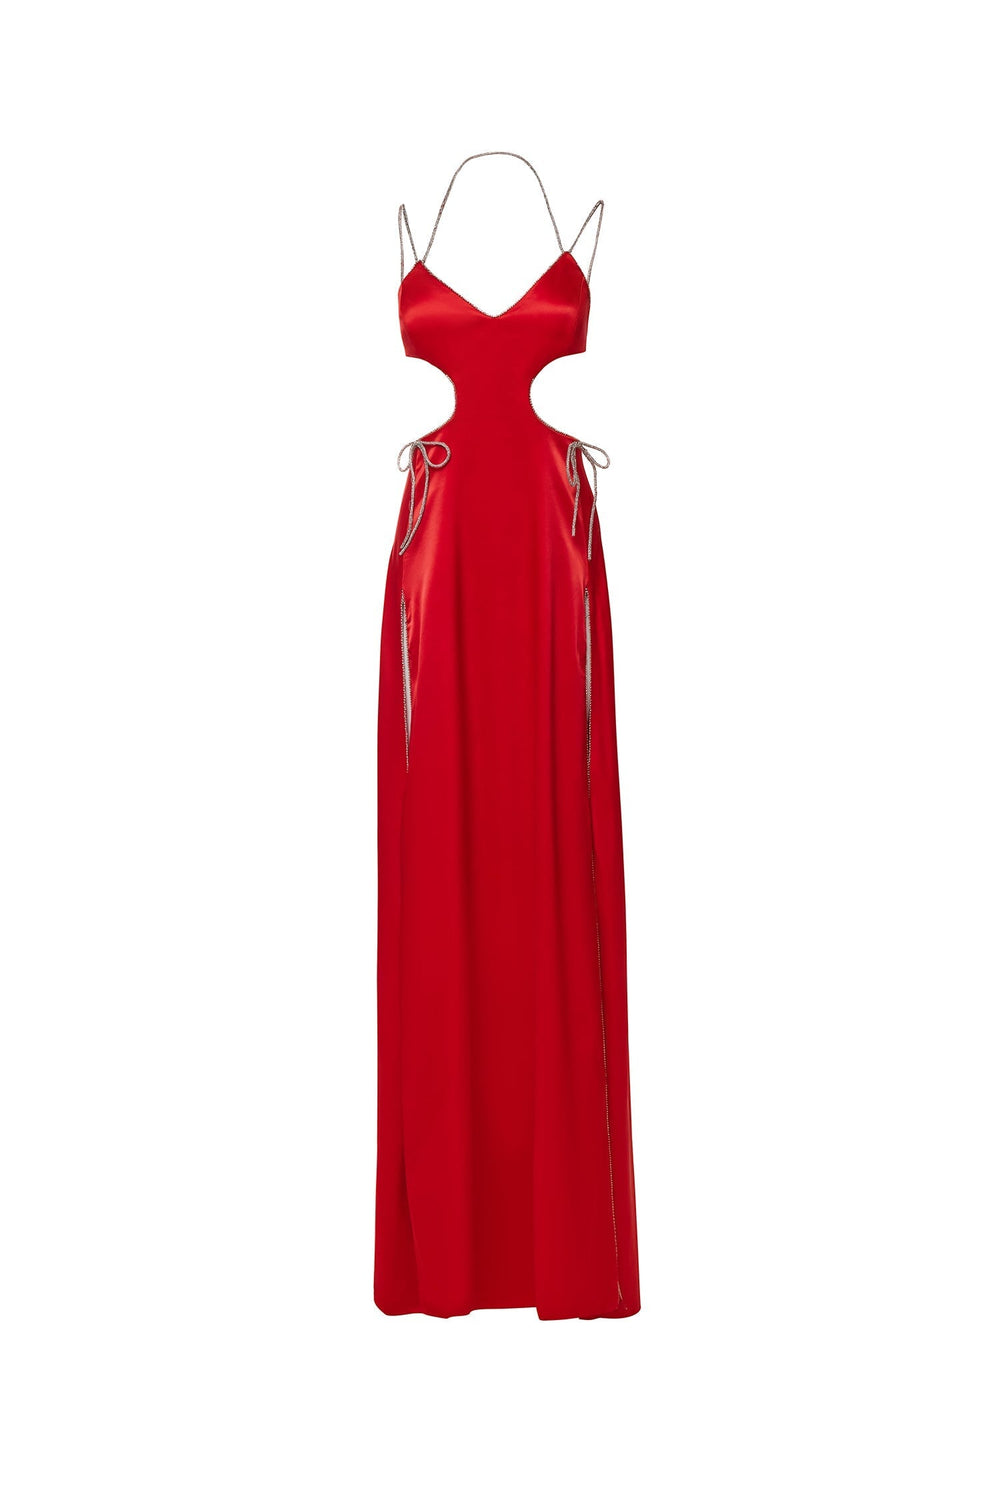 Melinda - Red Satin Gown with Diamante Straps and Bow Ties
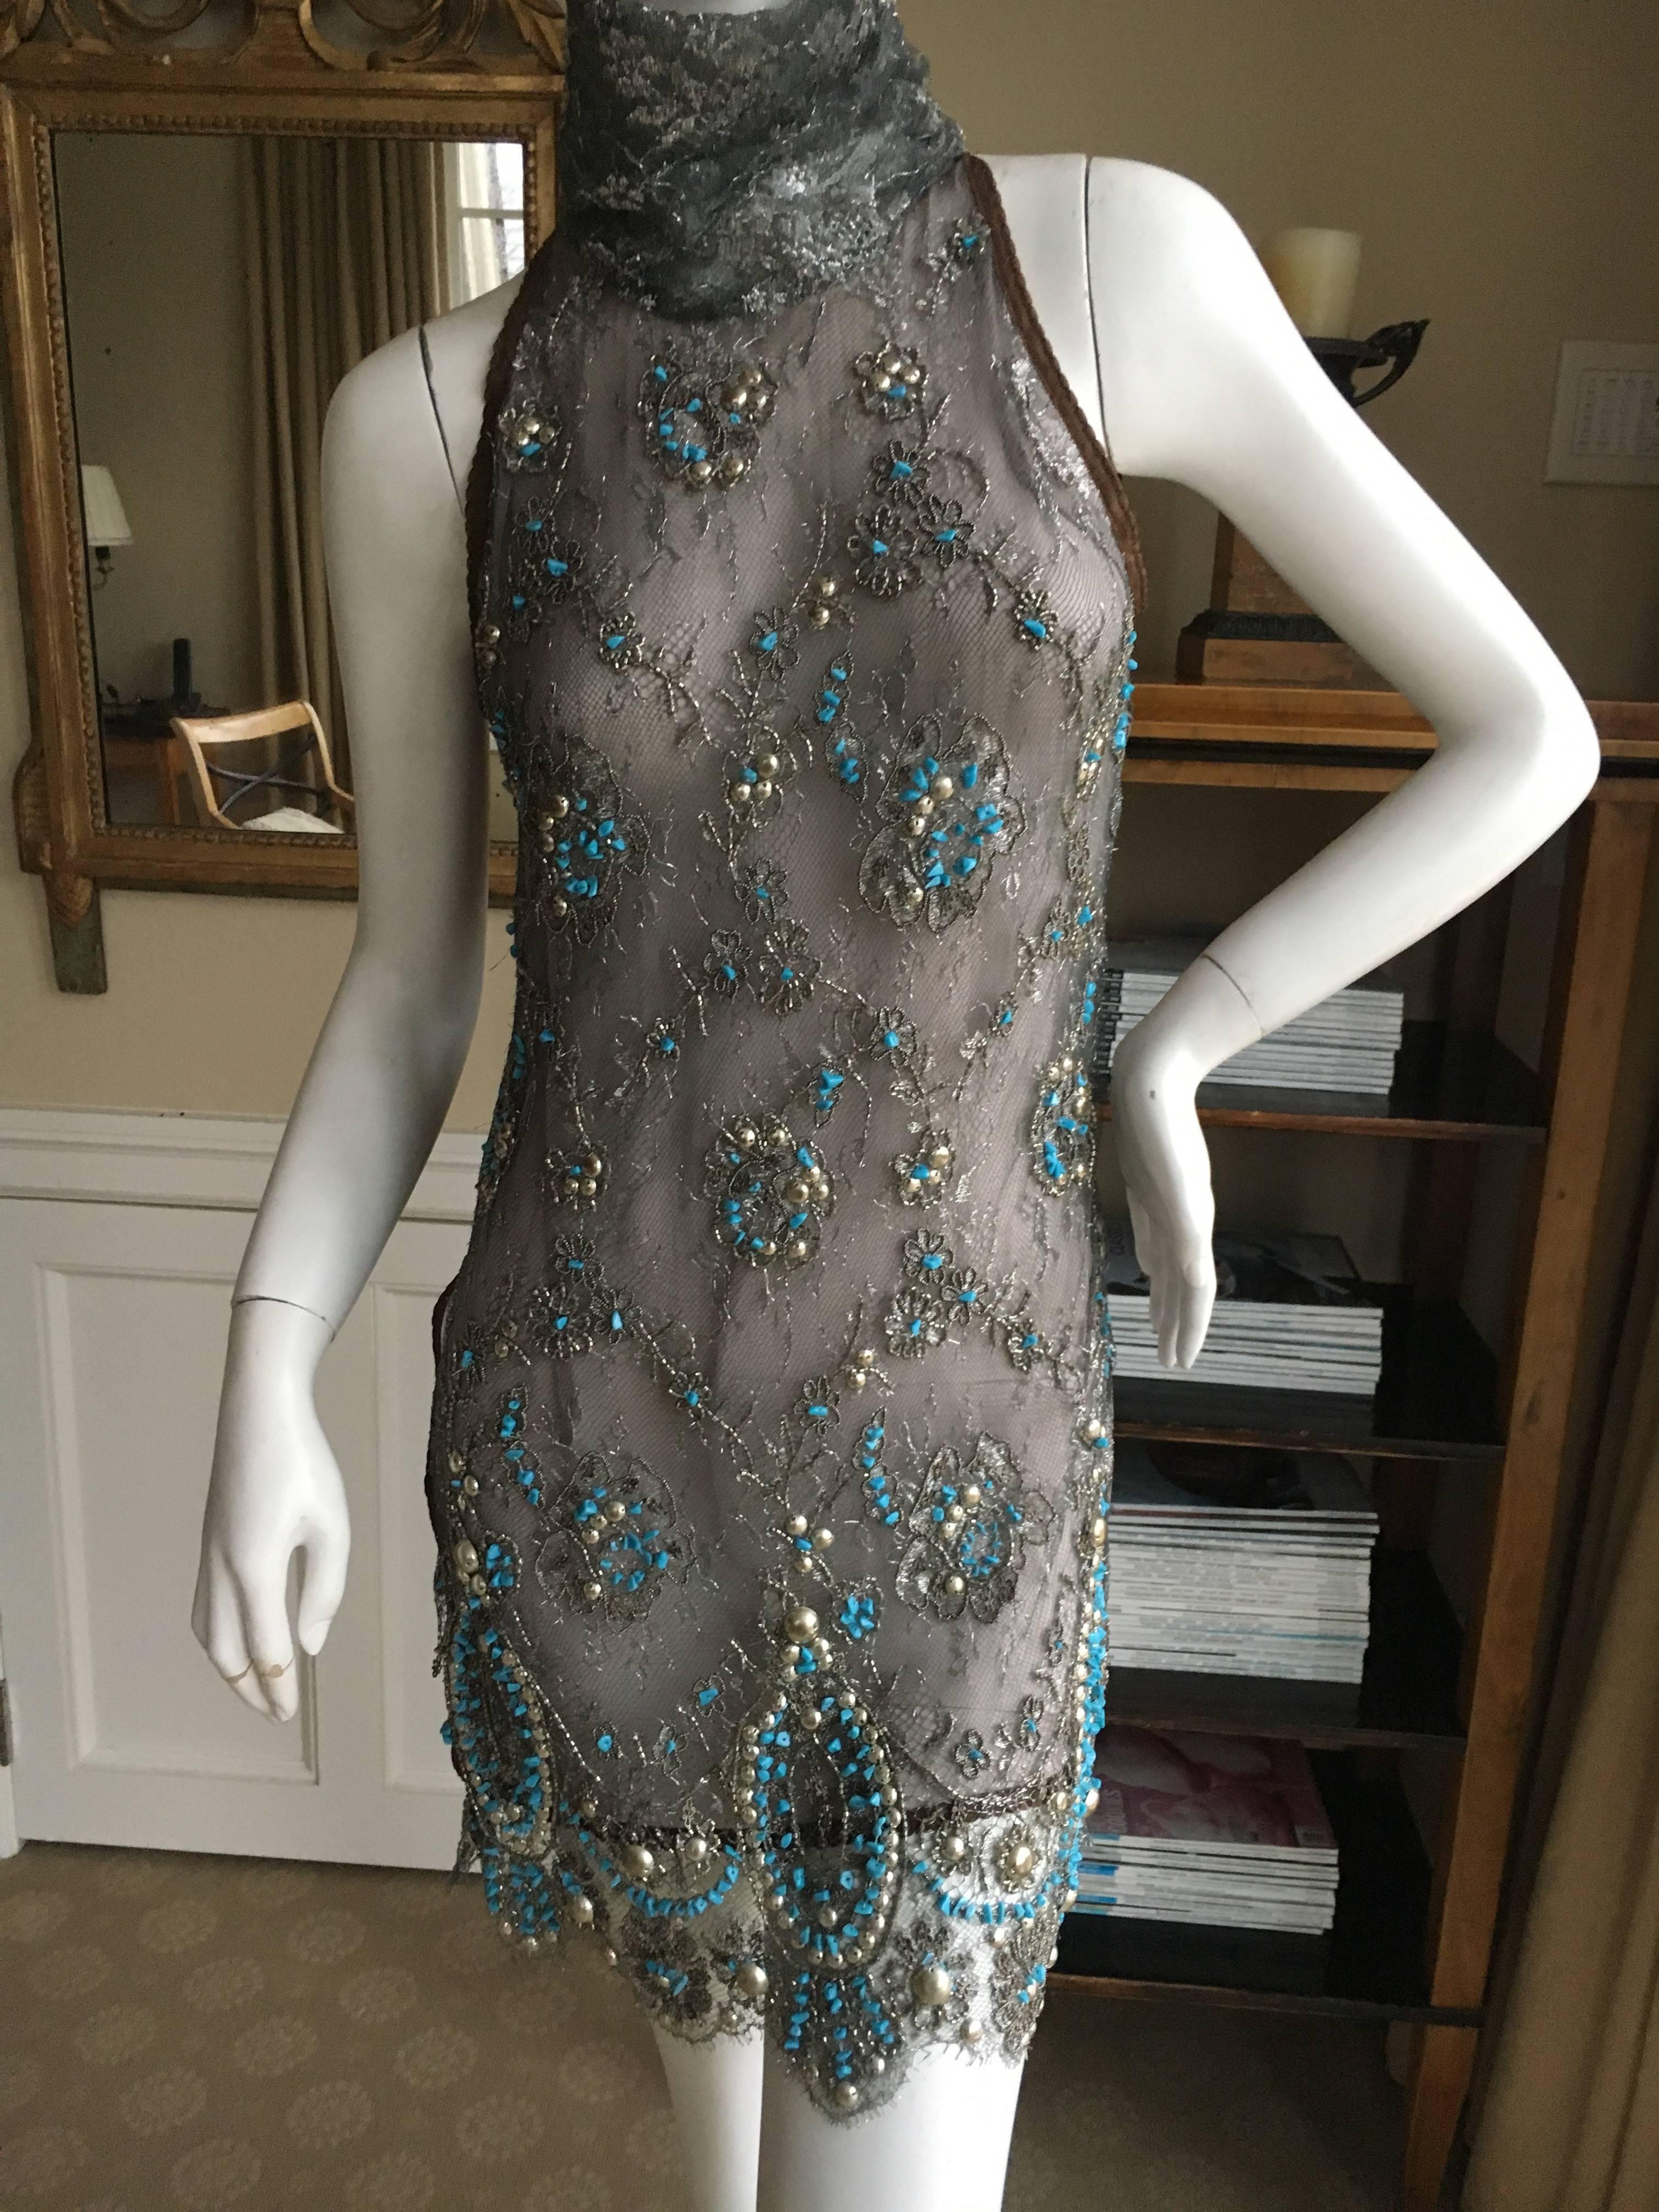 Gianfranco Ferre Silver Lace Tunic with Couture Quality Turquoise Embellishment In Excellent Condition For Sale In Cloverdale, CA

---

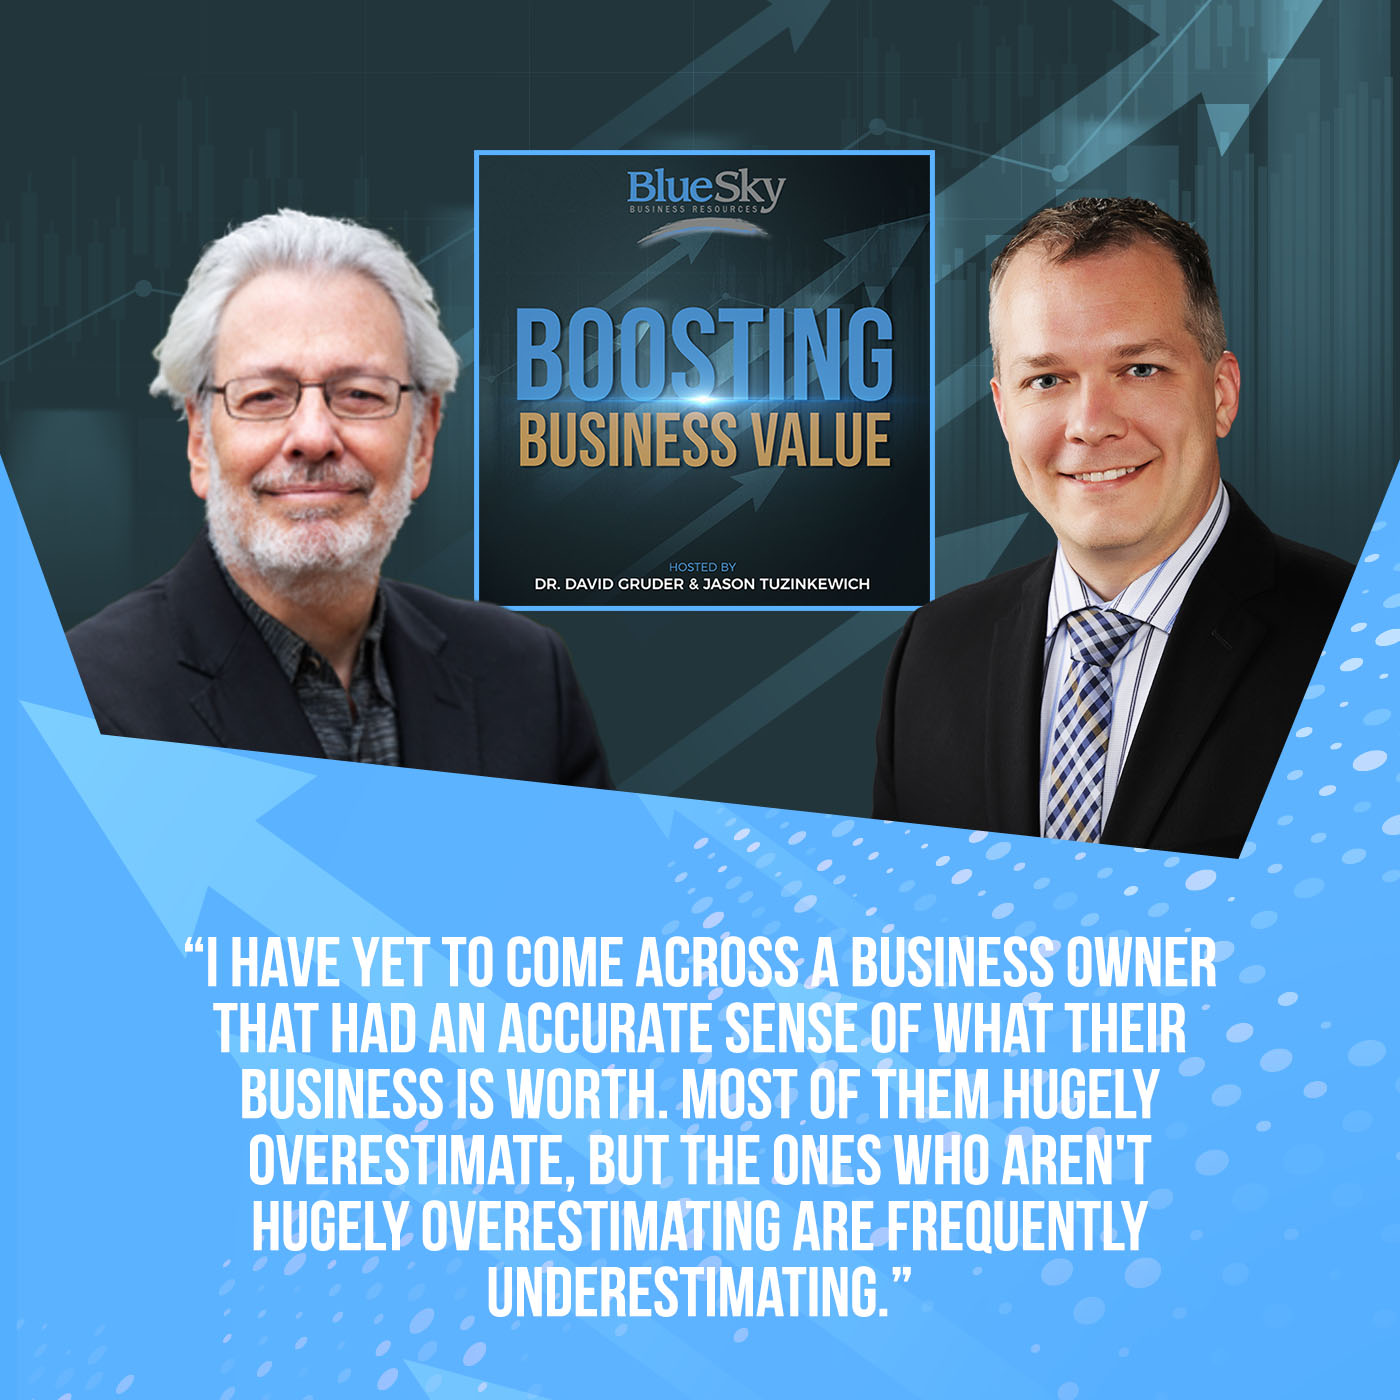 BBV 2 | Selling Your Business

Goal of the exercise => Only one stretch of the listing is wanted: the lines starting at the one with "Melinda - Red" and ending at the one with "Gianfranco Ferre Silver", copied exactly and free of pictures.

Task answer =>
 Melinda - Red Satin Gown with Diamante Straps and Bow Ties
 Gianfranco Ferre Silver Lace Tunic with Couture Quality Turquoise Embellishment In Excellent Condition For Sale In Cloverdale, CA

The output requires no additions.